Disability on the internet includes things like:

  • Problems with sight
  • Problems using a mouse or keyboard
  • Problems with hearing
  • Problems with reading and understanding

But web accessibility also helps people who:

  • Have a slow internet connection
  • Have a small screen or unusual device
  • Can’t listen to sound at work
  • Use an old web browser or operating system

Web accessibility also helps older users, who might have problems with motor skills, text sizes and hearing (among other things). Within a decade, the United Nations estimates over a billion people in the world will be over 60 years old. Web accessibility protects your website against demographic changes and opens your business to everyone with an internet connection.

Finally, remember that disability is not always permanent; there are many reasons why someone might have a short-term impairment due to illness or accident.

What you can do

So that answers what is web accessibility? Now it’s time to find out what you can do about it.

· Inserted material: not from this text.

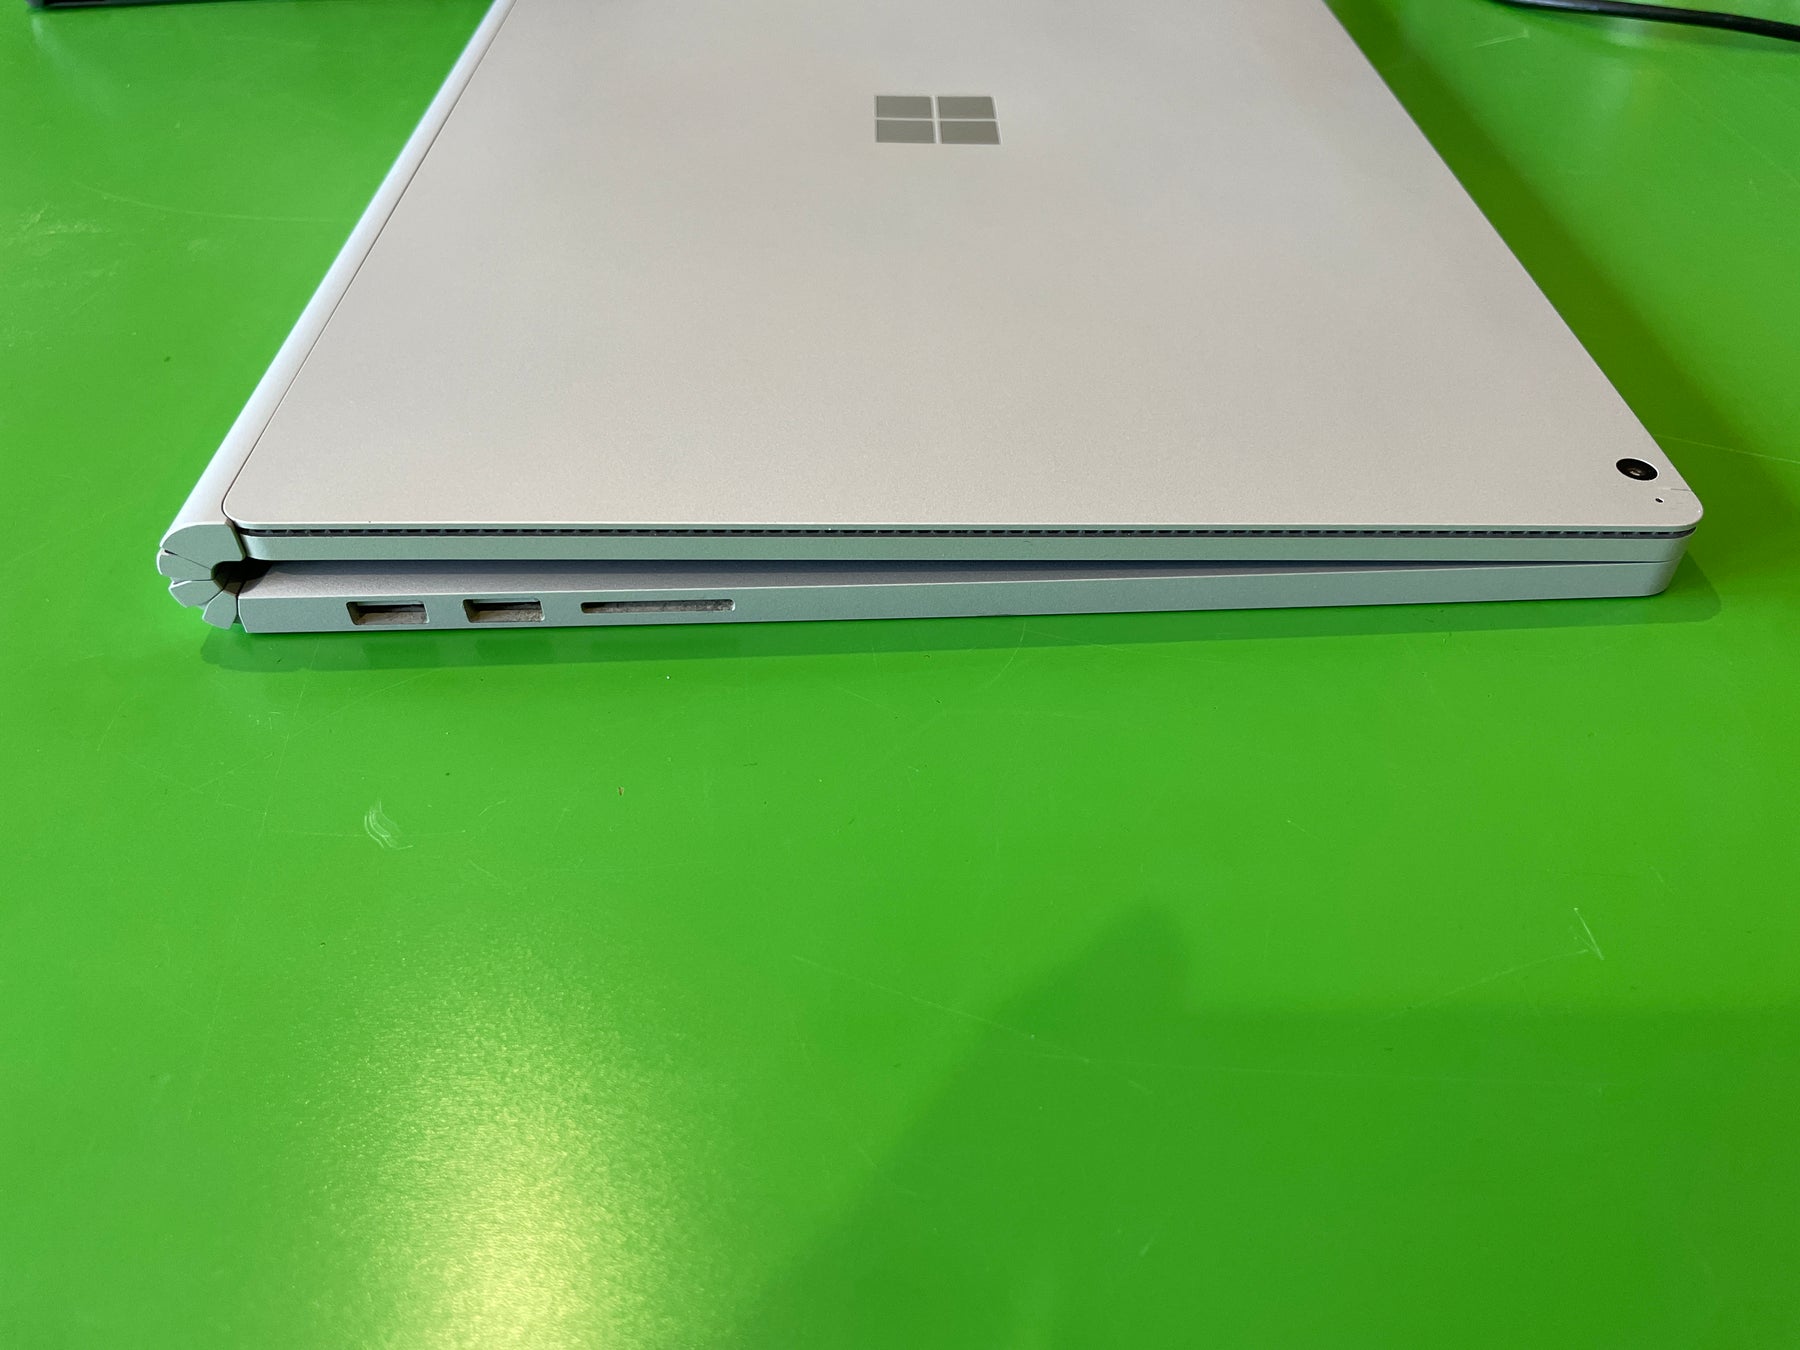 Microsoft Surface Book 2 15" Laptop - Very Good Condition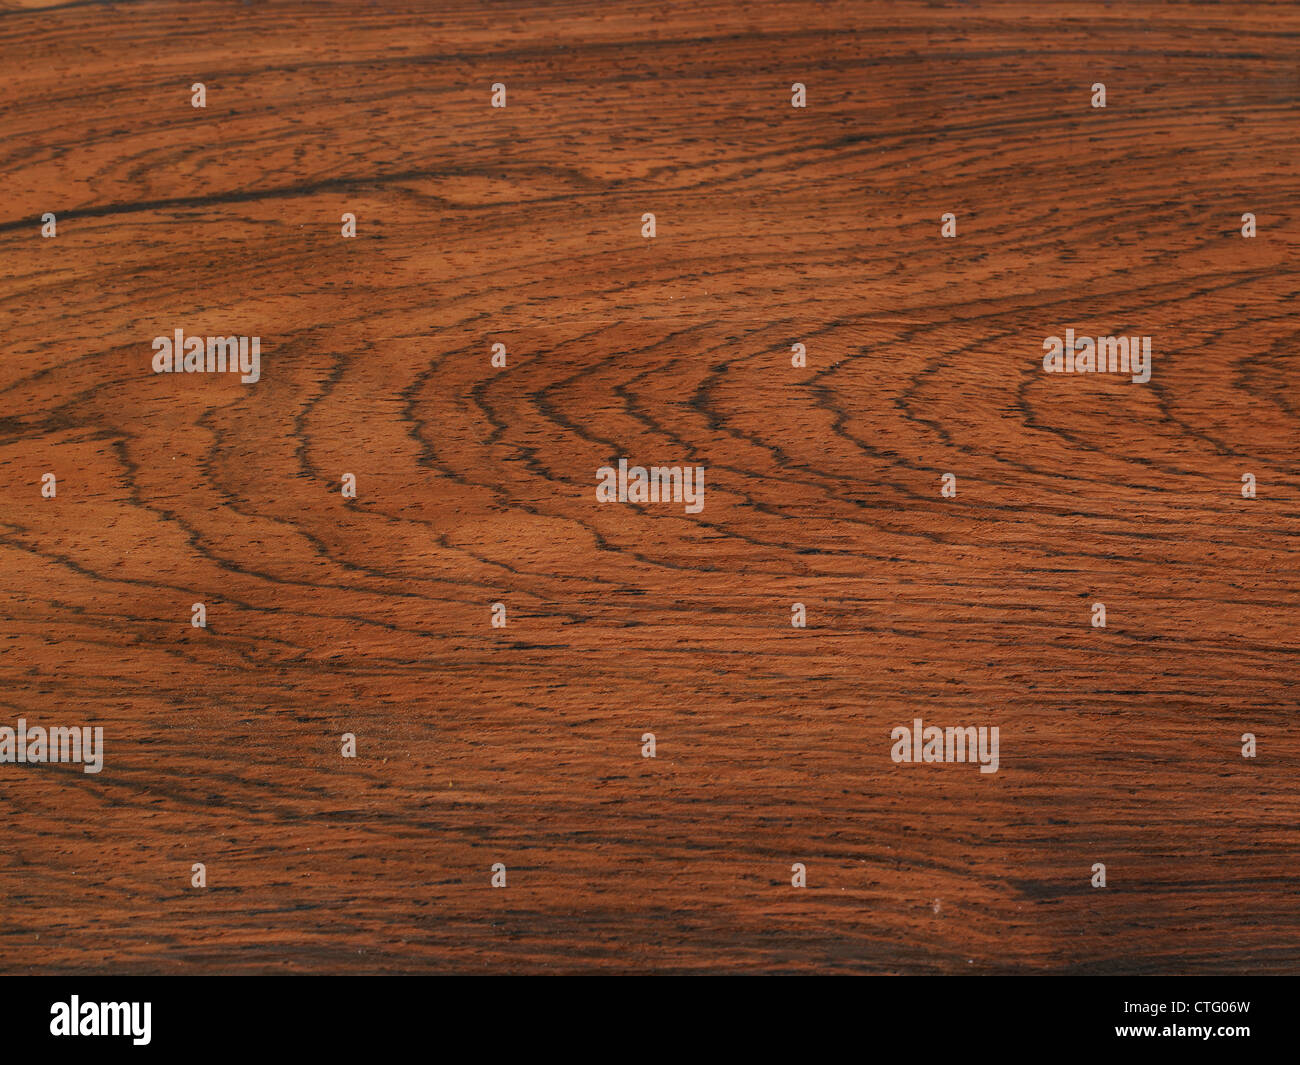 Wood grain table background Stock Photo

Over the years, a group of very clever developers have created guidelines that websites can follow to become more accessible. These internationally recognised guidelines are the Web Content Accessibility Guidelines – or WCAG for short.

Read my introduction to the Web Content Accessibility Guidelines 2.0.

If you’re based in America, you might be thinking about Section 508 of the Rehabilitation Act – this is basically Level AA of WCAG 2.0.


  • Web accessibility is about making your website available to as many users as possible.
  • When you ask what is web accessibility?, you already know more than you realise.
  • Web accessibility is similar to real-life accessibility, it means removing barriers that stop users becoming customers.
  • With disability affecting nearly 20% of people and an ageing population, web accessibility is the future of web development.